─── COLLECTED MATERIAL
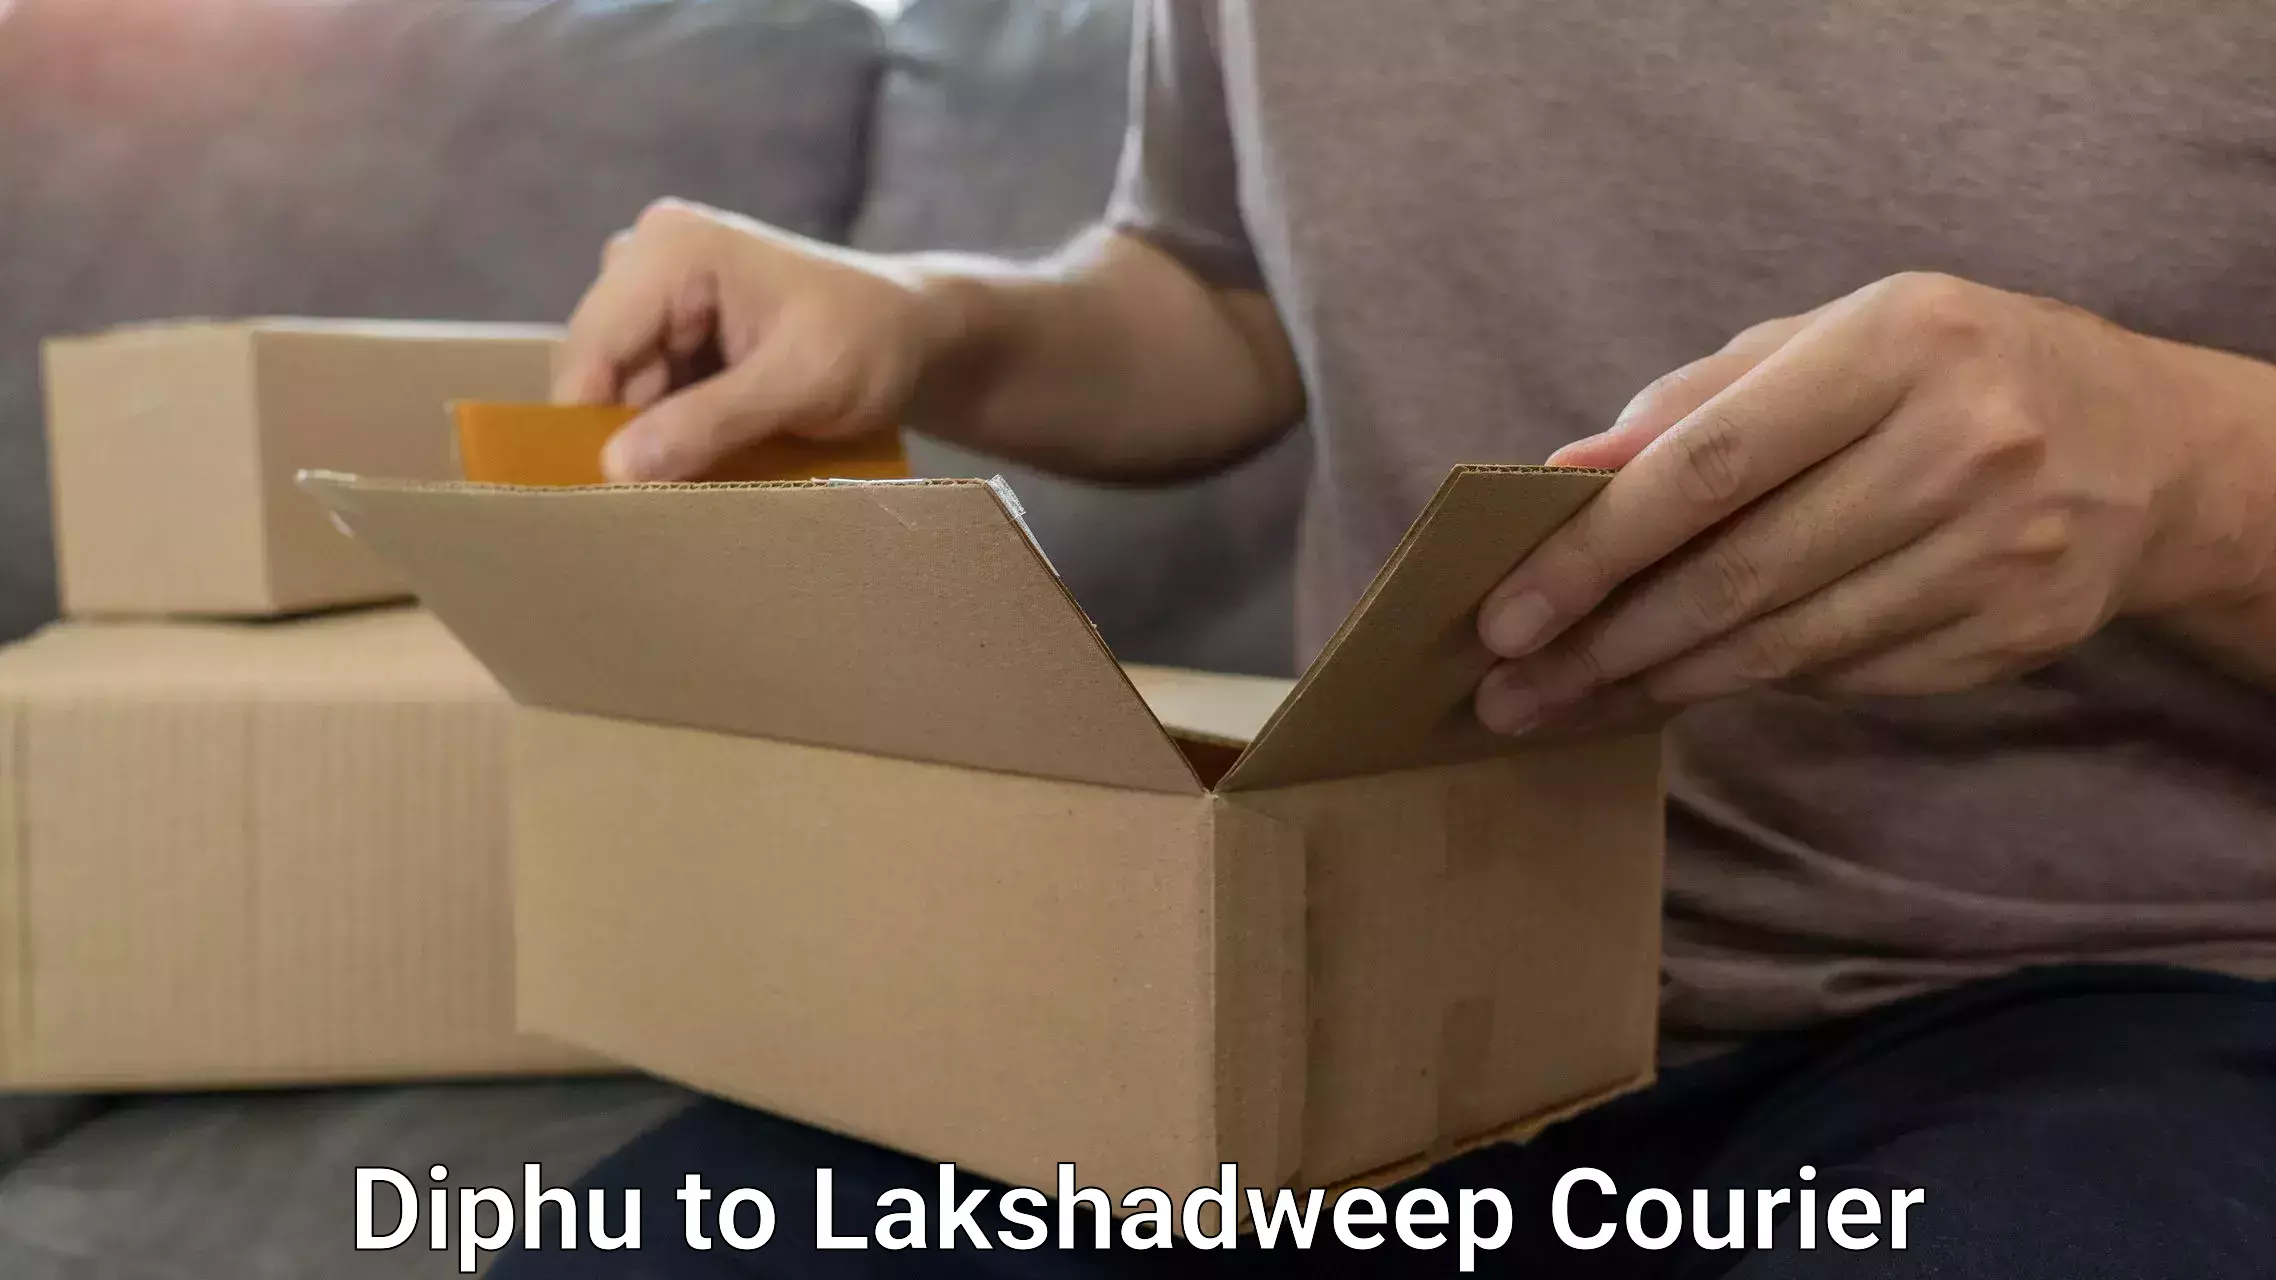 Luggage shipping planner Diphu to Lakshadweep
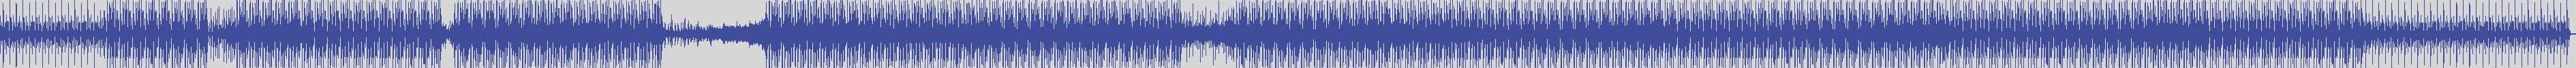 atomic_recordings [AR013] Paul Cutiè - Ass Bag [Original Mix] audio wave form
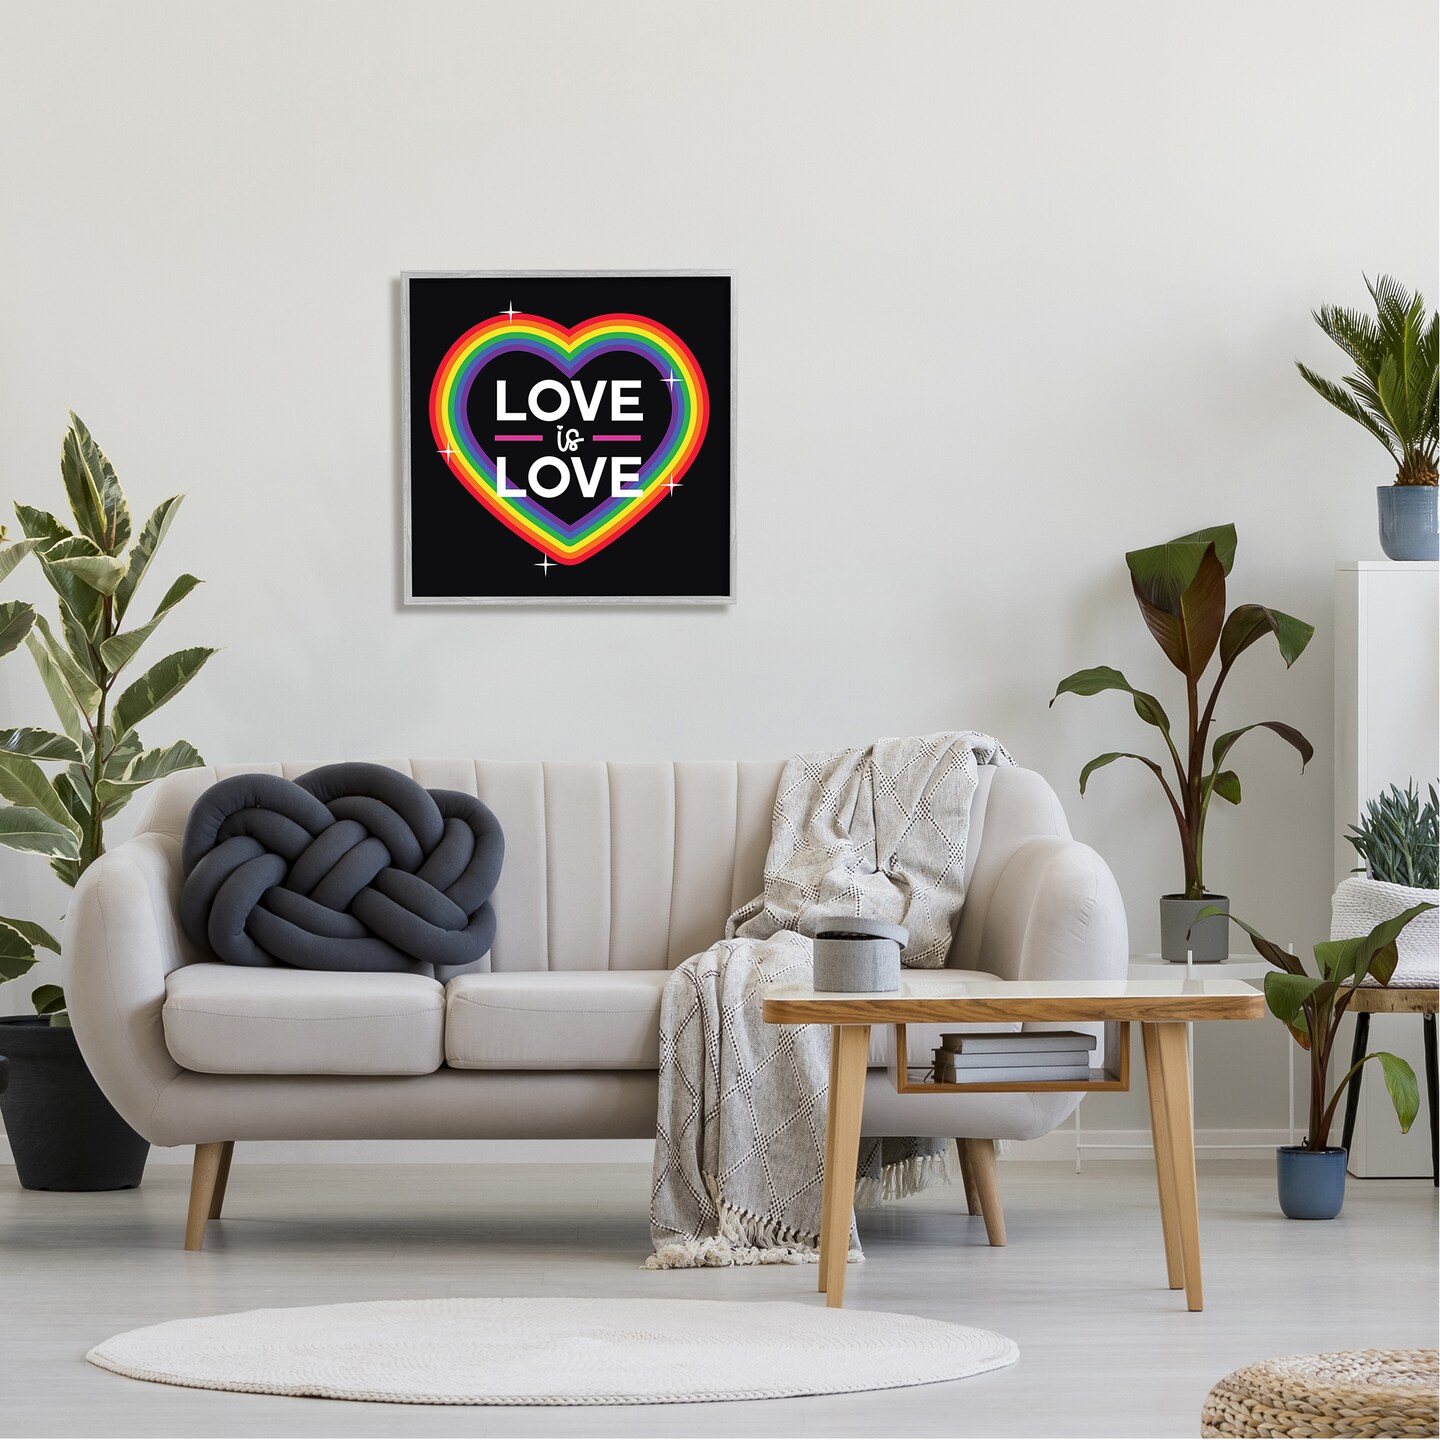 Stupell Industries Love Rainbow Heart Pride Black Framed Giclee Art
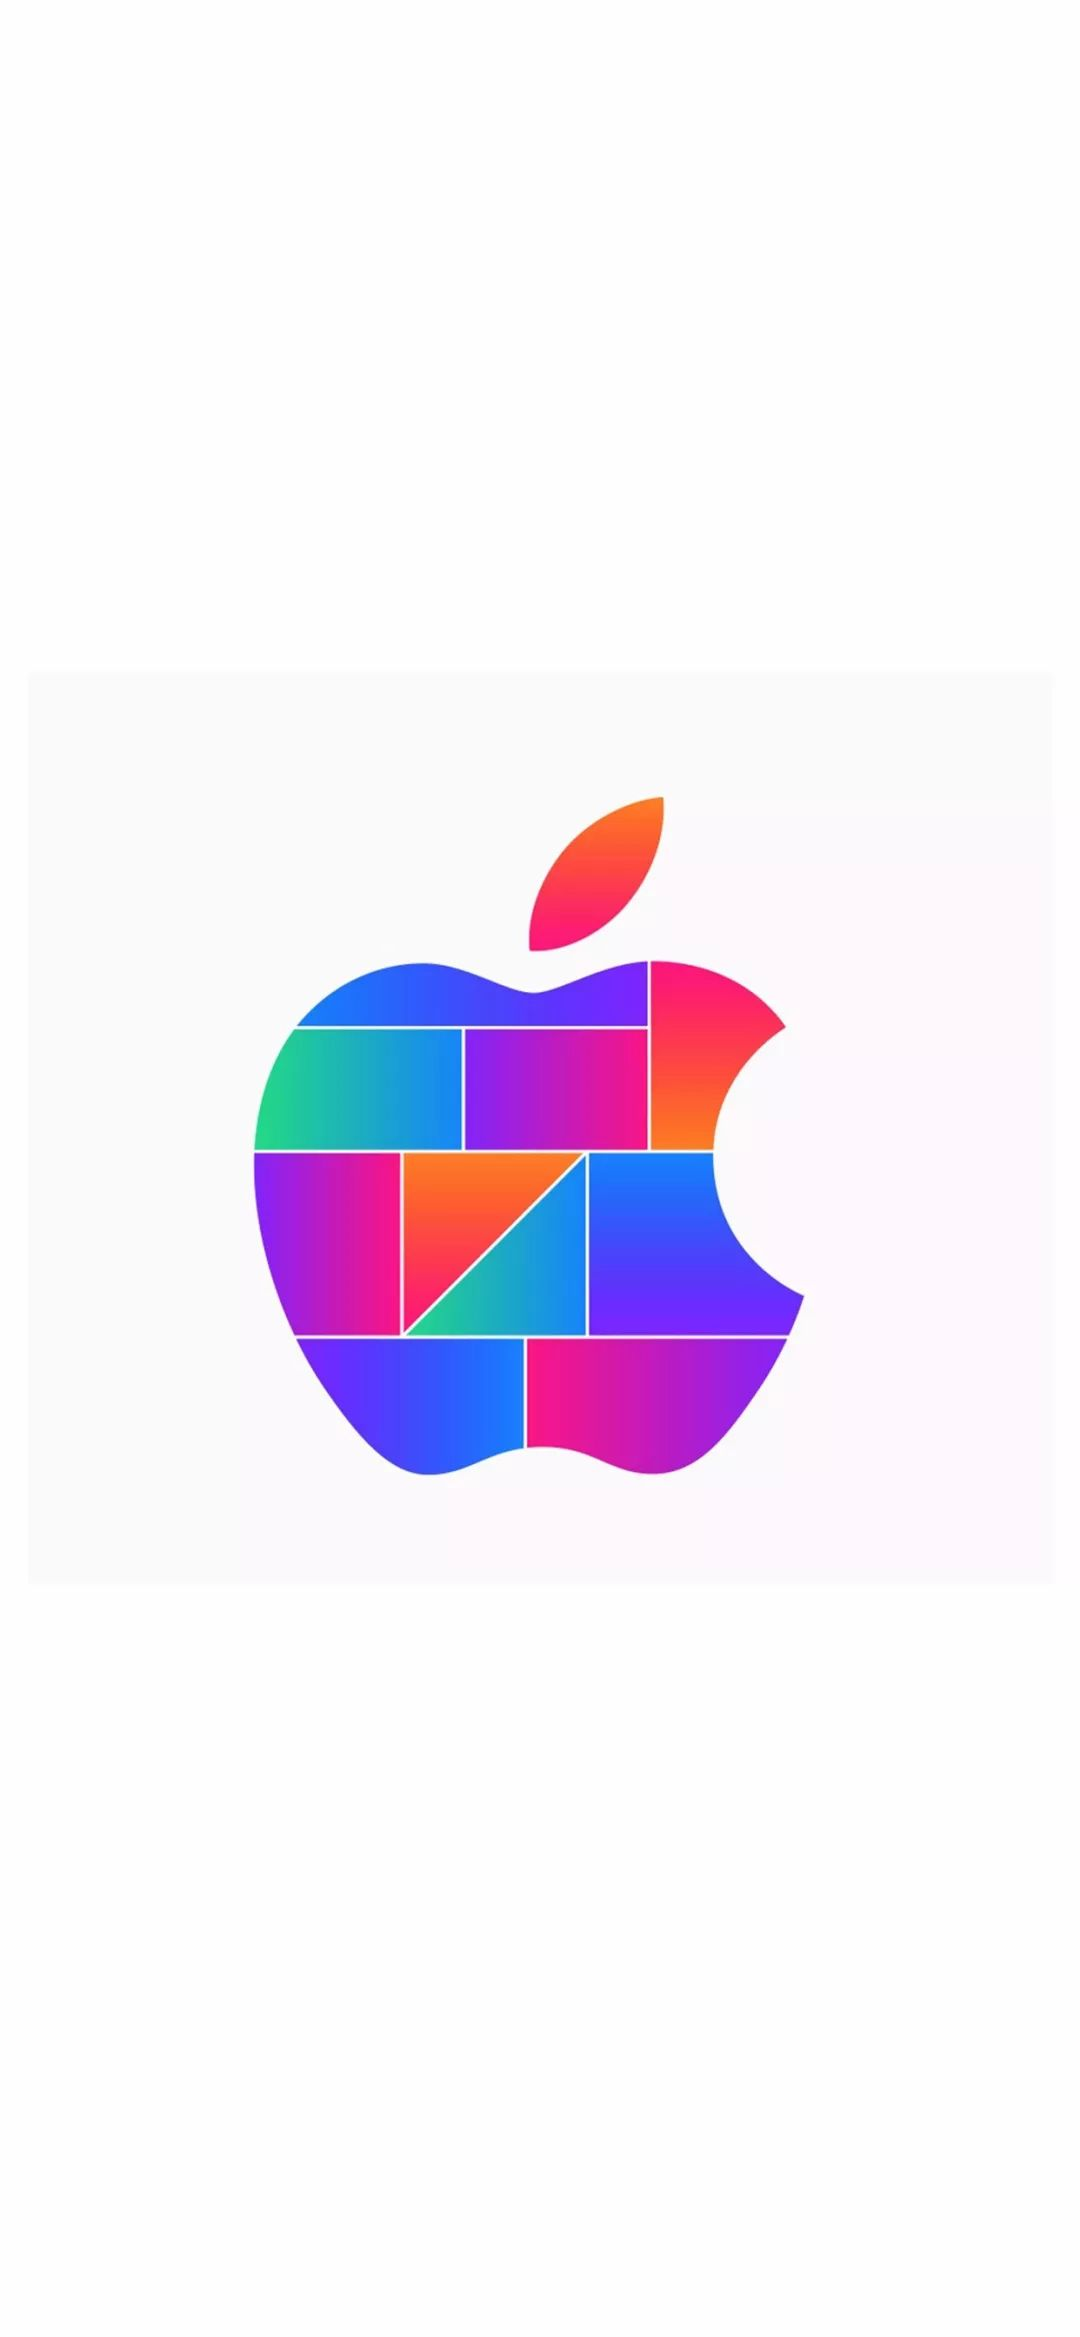 苹果logo原图_壁纸 | 新苹果 LOGO 壁纸 (https://mushiming.com/)  第5张
──────
Nothing should appear in the answer except the lines from the one containing "atomic_recordings [AR013] Paul" through the last line of the listing, given again exactly and with no pictures.

 atomic_recordings [AR013] Paul Cutiè - Ass Bag [Original Mix] audio wave form
 Stupell Industries Love Rainbow Heart Pride Black Framed Giclee Art
 苹果logo原图_壁纸 | 新苹果 LOGO 壁纸 (https://mushiming.com/)  第5张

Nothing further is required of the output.